もうひとつのでかいアウタ―レースを抜くために
これまたJG54さんが貸してくれた当て金を ご承諾を得て ちょっと削り加工。
早朝5時に ゴリゴリと 削っております・・・。


奥側に見える デカイアウターレースの端っこに乗せます。
ほんの2mmほどしか かかっていないのですが
これの状態でプレスで下へ押し出します。

慎重にあてものをセットし、プレスします



はい、抜けました!
この当て金は 楕円形に作ってあるのがミソです。
アウターレースと、厚み調整用の「シム」が抜けます。
シムはやや直径が小さく デフケースに圧入されてはいません。

そのシムの厚みは、3.9mmでした。
これでピニオンギアの突き出し量を決めて 
ピニオンギアとリングギアの微妙なかみ合わせができています。


ところでJG54さんの送ってくれたアウターレース(ラージ)は
直径サイズが5mmほど大きかった。
にしやんが修理しているのは72年式丸テール前期型だから 違うのでしょうか?
それで 当て金のサイズも 大きかったんですね



新しいアウターレースです。もちろん 傷一つありません^^


今しがた抜いた旧品のアウターレースを当て金とし、

20ミリほど沈ませて 圧入完了!


続いて ピニオンギアシャフトをデフケースに入れて
小さいほうのローラーベアリングを圧入します。
このときに、クラッシュスリーブやオイルシールはまだ入れません。
今はまだ「仮組」段階なのです。


デフケースの位置を色々変えながら やるので 大変です


このベアリング圧入は 22ミリ沈むはずのところを
あと2ミリ残した20ミリで圧入をやめます。
プレスの強い圧力でローラーベアリングをプレスすると 壊れちゃうからです。
このローラーベアリングは、シャフトのトップにあるフランジを30mmナットでによって、絶妙な力で最終的に締めこんでやります
本来ならこの上に オイルシールを打ち込むのですが
それはまだ。

これですべてのベアリングは交換しました!


ではフランジをコンコンと入れて シャフトのスプラインにかみ合わせ、
スレッドコンパウンドを塗った30mmナットを締めこんでいきます。

フランジを回り止めして
30ミリナットを少しづつ締めこんでいきます。
シャフトの軸方向にガタがなくなったら、ベアリングのローラ部分が
アウターレースに接触したことがわかります。
ここからは、本当に少しづつ締めこんでいき。
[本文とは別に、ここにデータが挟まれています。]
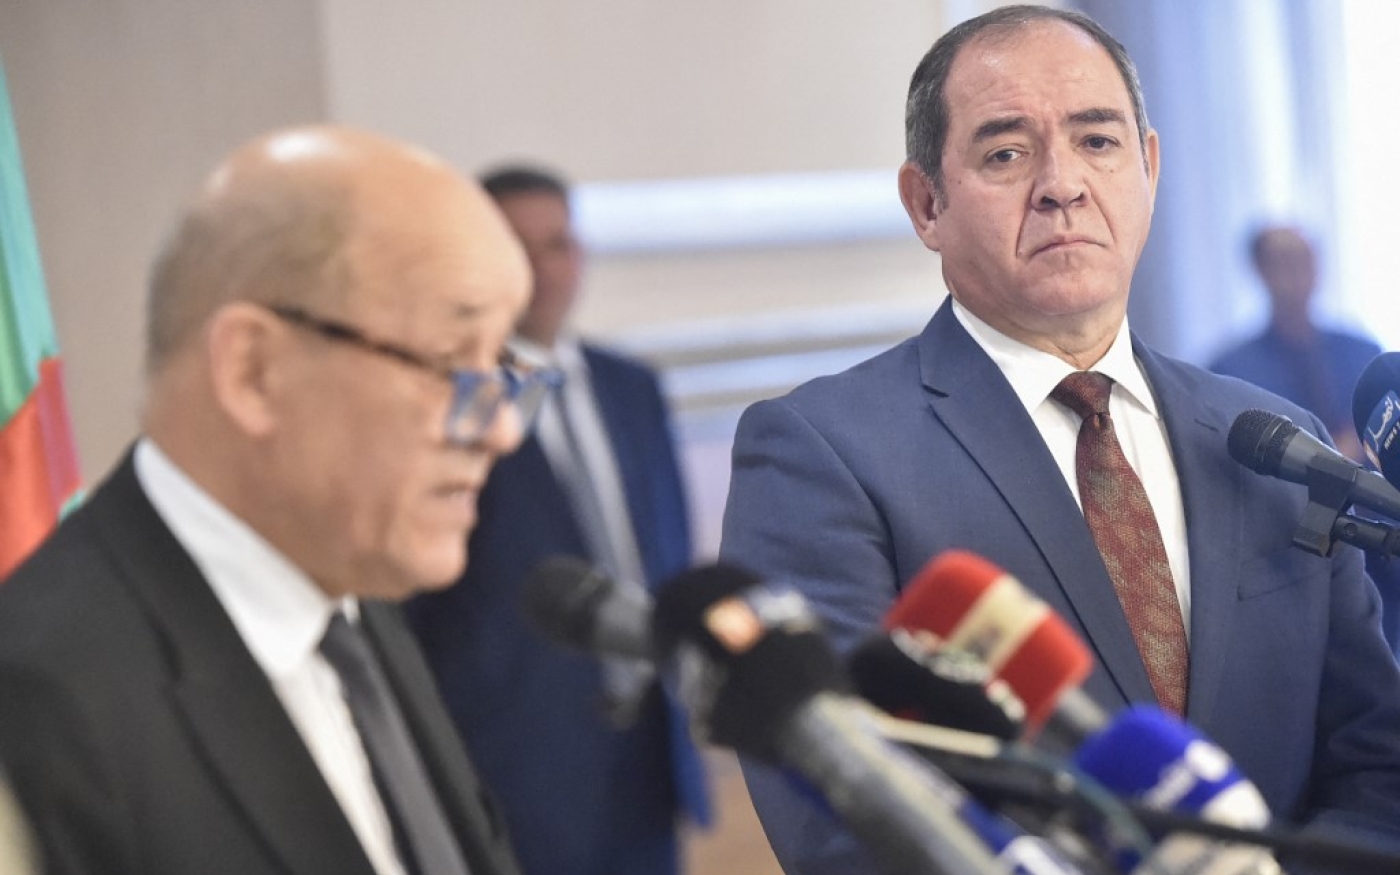 Le ministre algérien des Affaires étrangères Sabri Boukadoum écoute son homologue français, Jean-Yves Le Drian, lors d’une conférence de presse le 21 janvier 2020 (AFP)

。


そのたびに いちいち小さいトルクレンチでしめ込みトルク(プリロード)を計測し確認します。
つまり、この30mmナットを締めこめば締めこむほど、ローラーベアリングを押さえつけることになるので、やがてローラーベアリングはきつくなって、回りにくくなってしまうのです。
きつく締めて回りにくくなったローラーベアリングで走っていると、やばいですよ!
この締め込みトルク値がファクトリーマニュアルに書いてあります。
BMW2002のショートネックタイプのデフで、300Ncm(+-30)ですから
仮組の段階で 2.7~3.3Nmの範囲が適正。国産車等に比べてキツめかな。
Friction Rating of Pinion Bearing の値がいわゆるプリロードです。
訳すると ピニオンベアリングの抵抗ぐあい。
まだオイルシールを入れていないから without oil sealのところを見ます
(オイルシールもひとつの抵抗になるからね)

ベアリングを良く回して なじませて 計測
いまのところ 1.2Nmぐらいに。もうちょっと締めこんでもいいかな
手でフランジを回してみると 締め込みが強いとか弱いとか わかると思います。

いずれにせよ、分解前に手で回してみたときの「ゴロゴロ感」はなくなりました^^


リングギアセットを中に入れて サイド側を組みます
シムの計測中。シムの厚みでギアの歯当たりが変わるので大事なところです。
(今回 サイド側のベアリグもなにも 換えていないが)


キャップをしめる


フランジを規定トルク110Nmでしめる


この時点で フランジの総合プリロード 2.0Nmに増えました。
リングギアの重みが加わったのでしょう。
さきほど一気に規定値の3Nm手前までもっていかなかったのは
これを予測してです。
ここにオイルシール分の抵抗が加わるから 最終的には3Nm手前ぐらいにはなるかな?
規定値には心持ち不足という感じですが 手でまわしてみて いい感じです。
まぁ本組ではなるべく規定値に近づけます


次回はバックラッシュ計測と 歯当たりの具合を見てみます。